Parental provisioning in house wrens: Effects of varying brood size and consequences for offspring

Abstract

In biparental species, conflict between the sexes is expected when optimal levels of parental care differ between males and females. We studied food provisioning in house wrens (Troglodytes aedon) to test whether male provisioning is more strongly affected than female provisioning by brood size, because this should influence the marginal return on a male's investment.
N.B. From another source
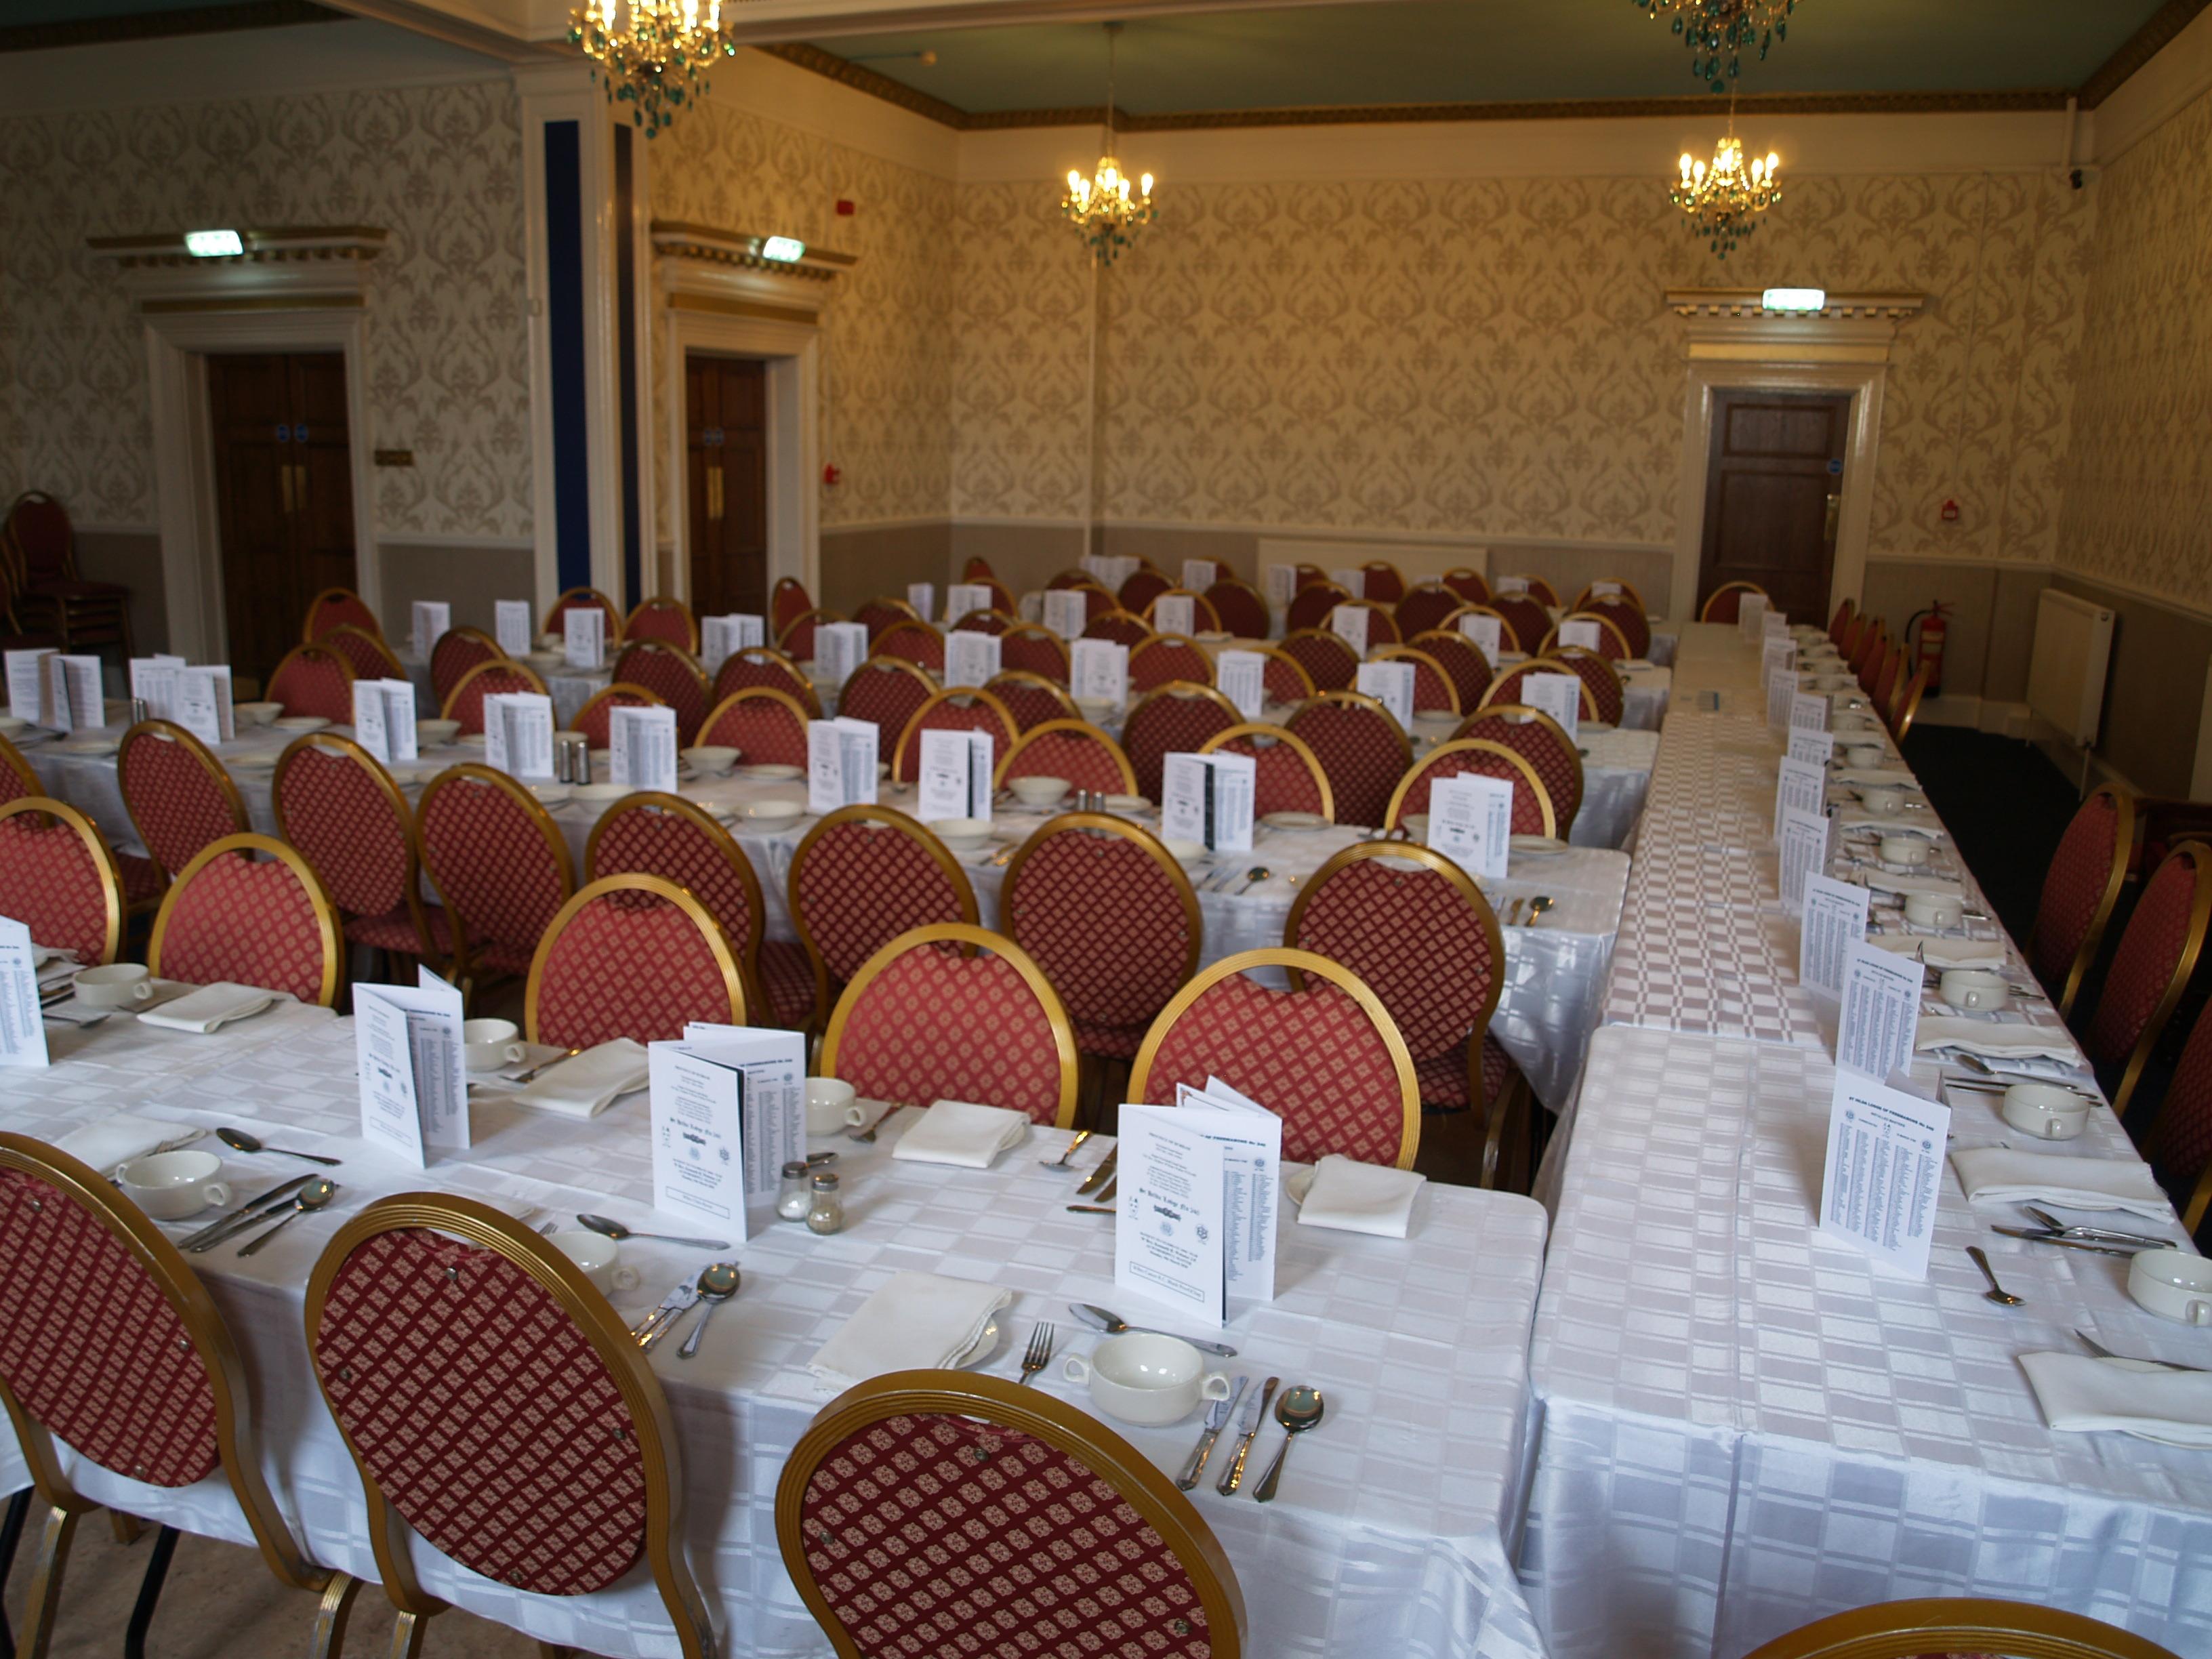 South Shields Masonic Hall 4

To test this, we created broods of reduced and enlarged size, and found that per-nestling food delivery varied more strongly for males than for females in association with brood size and nestling age; males delivered more food per nestling to enlarged broods, and less to small broods, as nestlings grew and approached asymptotic size. Although parents delivered a greater amount of prey to larger broods, the amount of food per nestling was initially higher for nestlings in small broods, and the amount of food delivered early in nestling development, particularly by males, affected offspring body mass, survival to fledging, and recruitment to the breeding population. However, provisioning rates were negatively associated with prey size, suggesting a trade-off between prey quantity and size. Finally, parents provisioning at a high rate to broods of reduced size were less likely to return to breed, suggesting that they assessed the low return on their investment and dispersed. Although potential for sexual conflict in house wrens remains, our data suggest that its resolution does not involve negotiation over provisioning, possibly because selection for offspring viability favors heavy investment by both parents.